Carlitos Soria, el joven catamarqueño que fue encontrado por un policía vagando en el límite entre Río Negro y Neuquén y fue traído por sus amigos a esta provincia, hoy a más de 10 días de aquel viaje de regreso retoma de a poco su vida. Es asistido por un cuerpo de psicólogos y psiquiatras y acompañado y contenido por sus amigos y familia. Él acepta toda la ayuda, "eso nos pone aun más feliz y cada día es nuevo para él y también para nosotros", señaló su amigo Fernando Brancia en diálogo con El Ancasti.

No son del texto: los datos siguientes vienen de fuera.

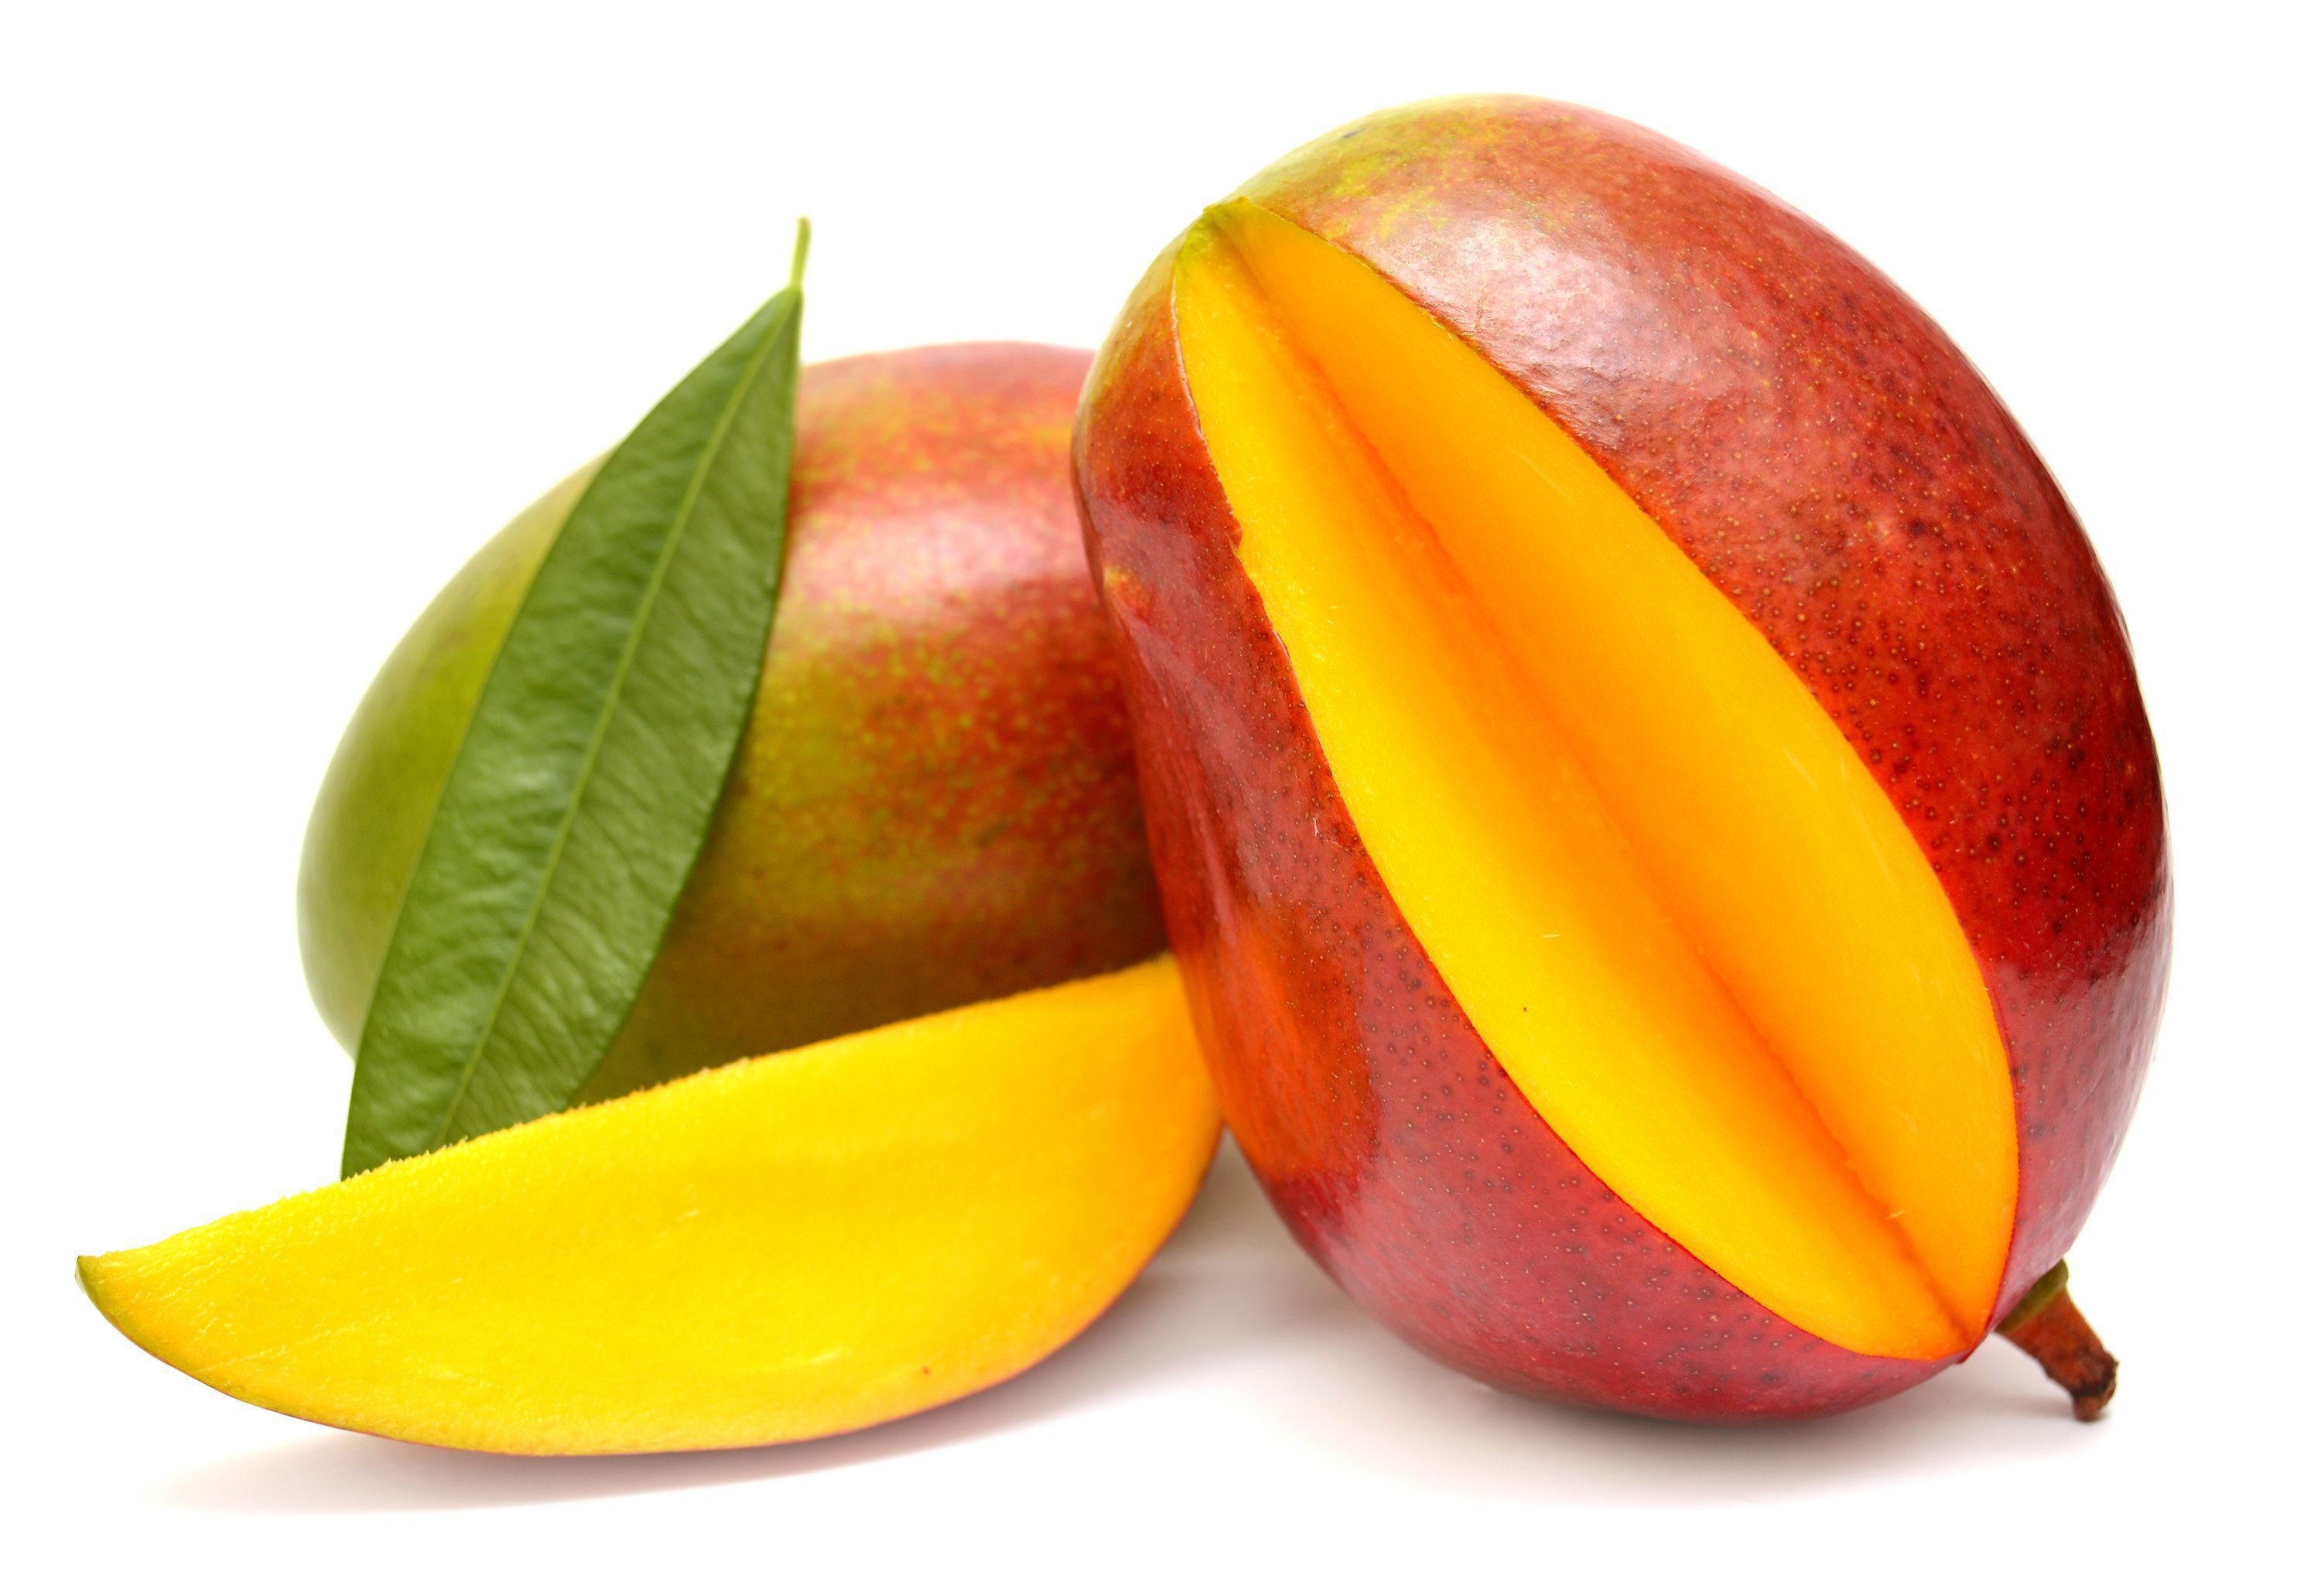 Mango Wallpaper Image Photos Pictures Background

"Vive conmigo, y me colabora en mi taller, ya tiene su celular y es asistido en el centro terapéutico La Sala", contó Fernando. Agregó que a los tres días que llegaron a la provincia Carlitos se fue y estuvo en la calle 24 horas. "Ése día me pidió que quería salir un rato a caminar, salió y no volvió, salí a buscarlo, todos salimos y no lo encontramos. Después a las 8 cuando abrí el taller estaba parado ahí. Volvió solo. Después nunca más. Ahora cuando sale, regresa y está siempre en contacto con nosotros con su celular. Él está conmigo todo el tiempo, yo lo acompaño, es como un hijo, un hermano para mí. Sé que es mucha responsabilidad pero no lo voy a dejar solo, no lo vamos a dejar nunca", aseguró su amigo.

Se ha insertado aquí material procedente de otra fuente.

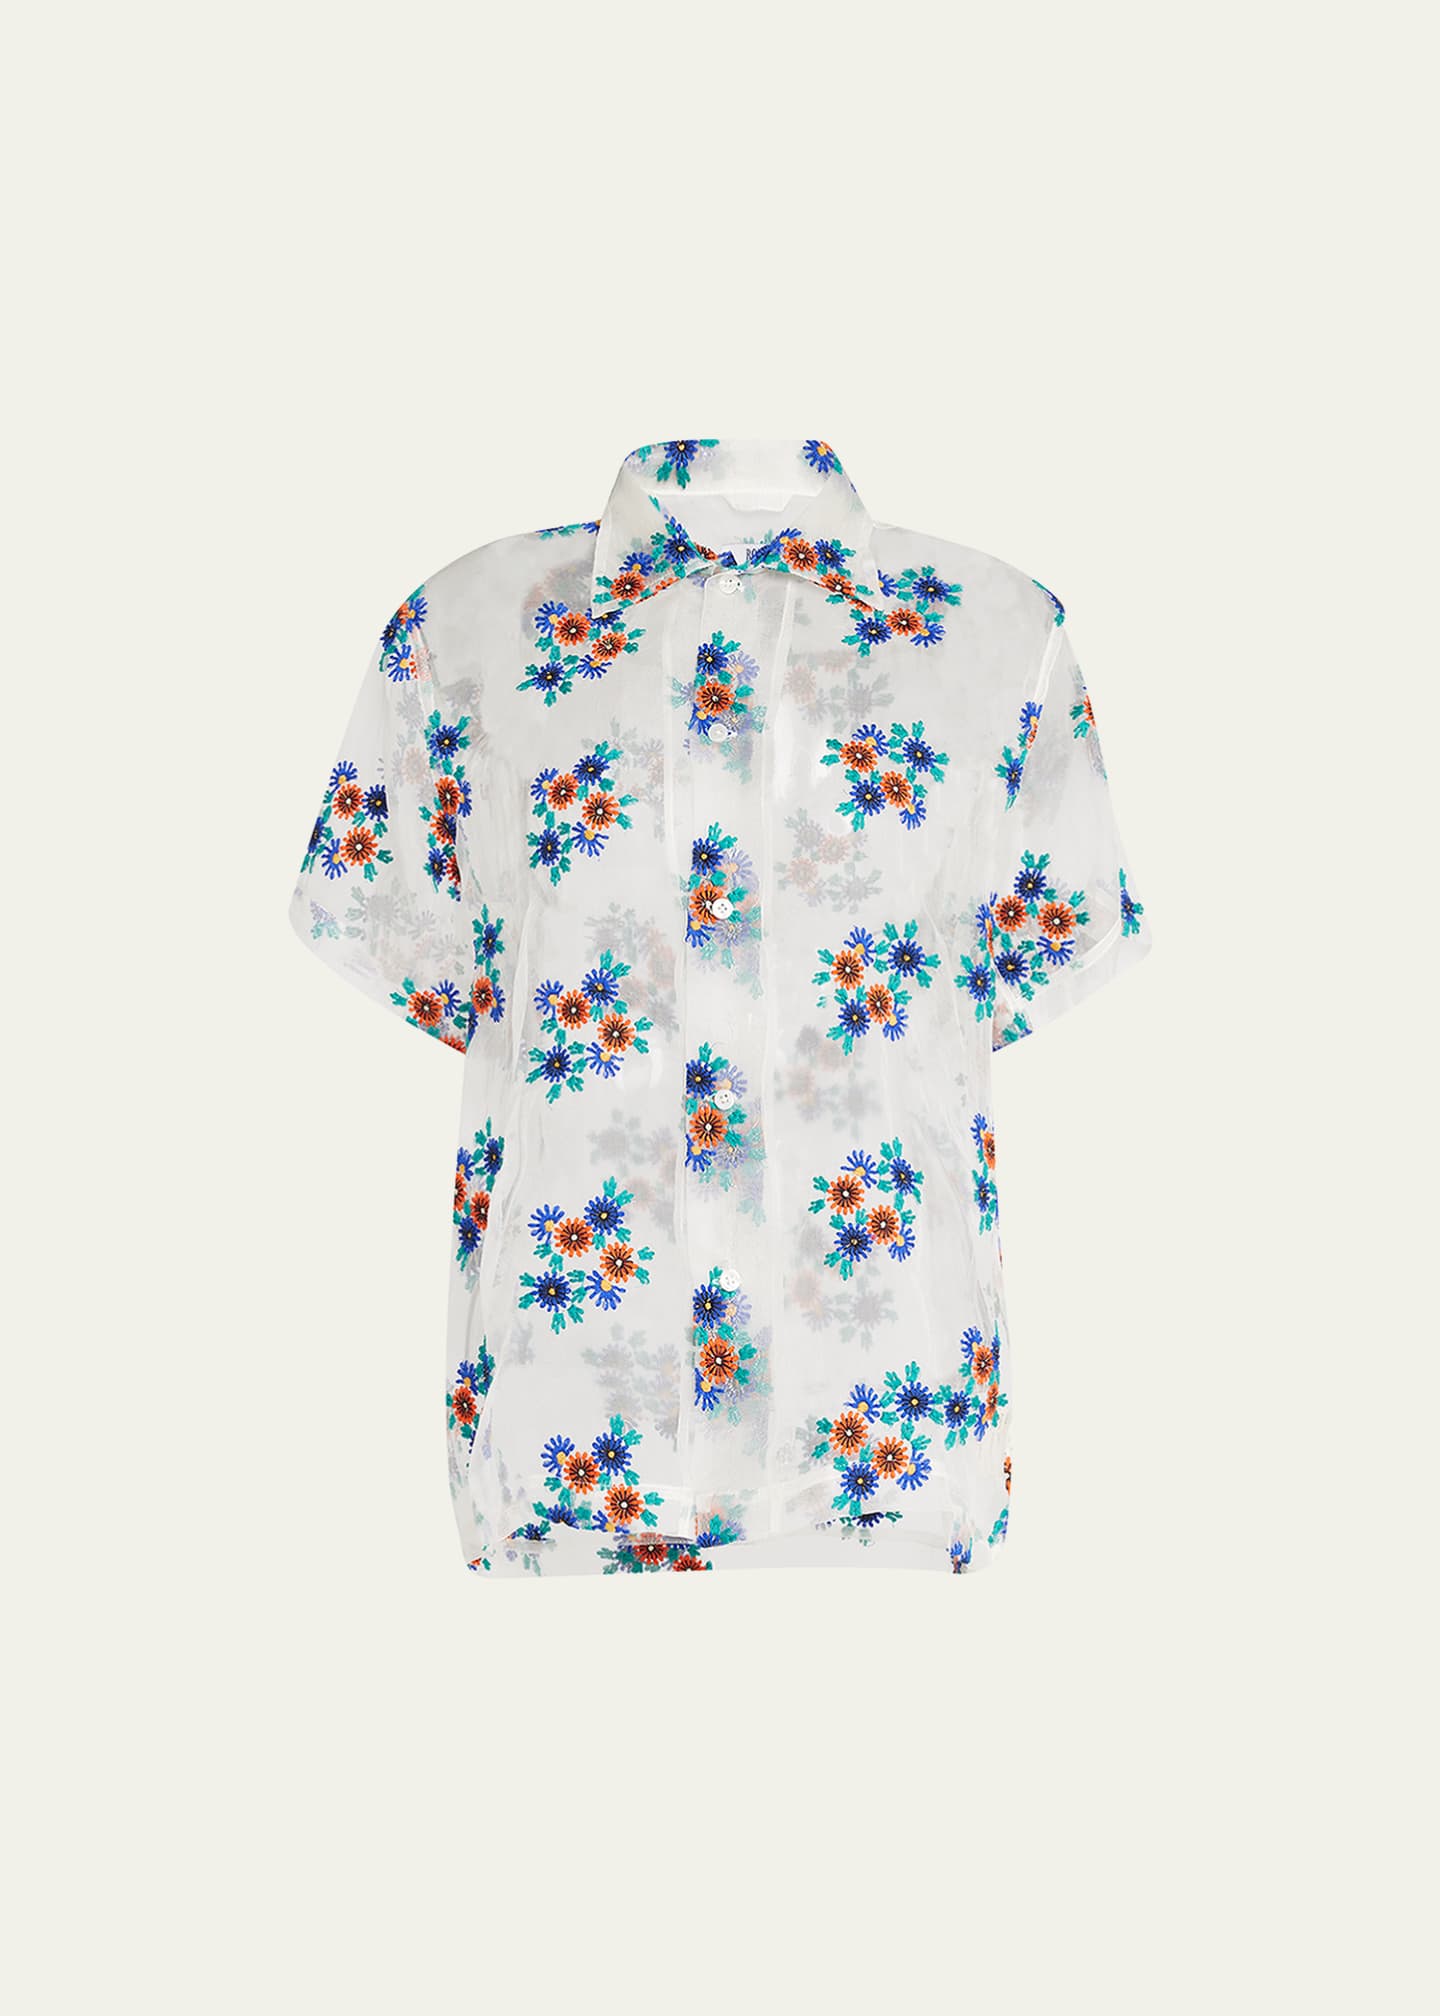 Bode White Embroidered Shirt

Fernando contó que con los amigos y la familia de Carlitos tienen un grupo de whatsapp en donde se organizan para estar con él y ayudarlo. "Él cumple lo que le decimos, él colabora en todo. Se lo ve feliz, es muy bueno, siempre fue así", señaló. "Nosotros no le preguntamos qué hizo, qué hacía, solo sabemos que viajó al sur en bicicleta. Estaba solo, se sentía solo en aquel tiempo, ahora nos tiene a nosotros, su familia, todos estamos con él".
Carlitos se involucró en la entrevista al último y entre la charla lo poco que dijo fue que no vio tan cambiada a su provincia.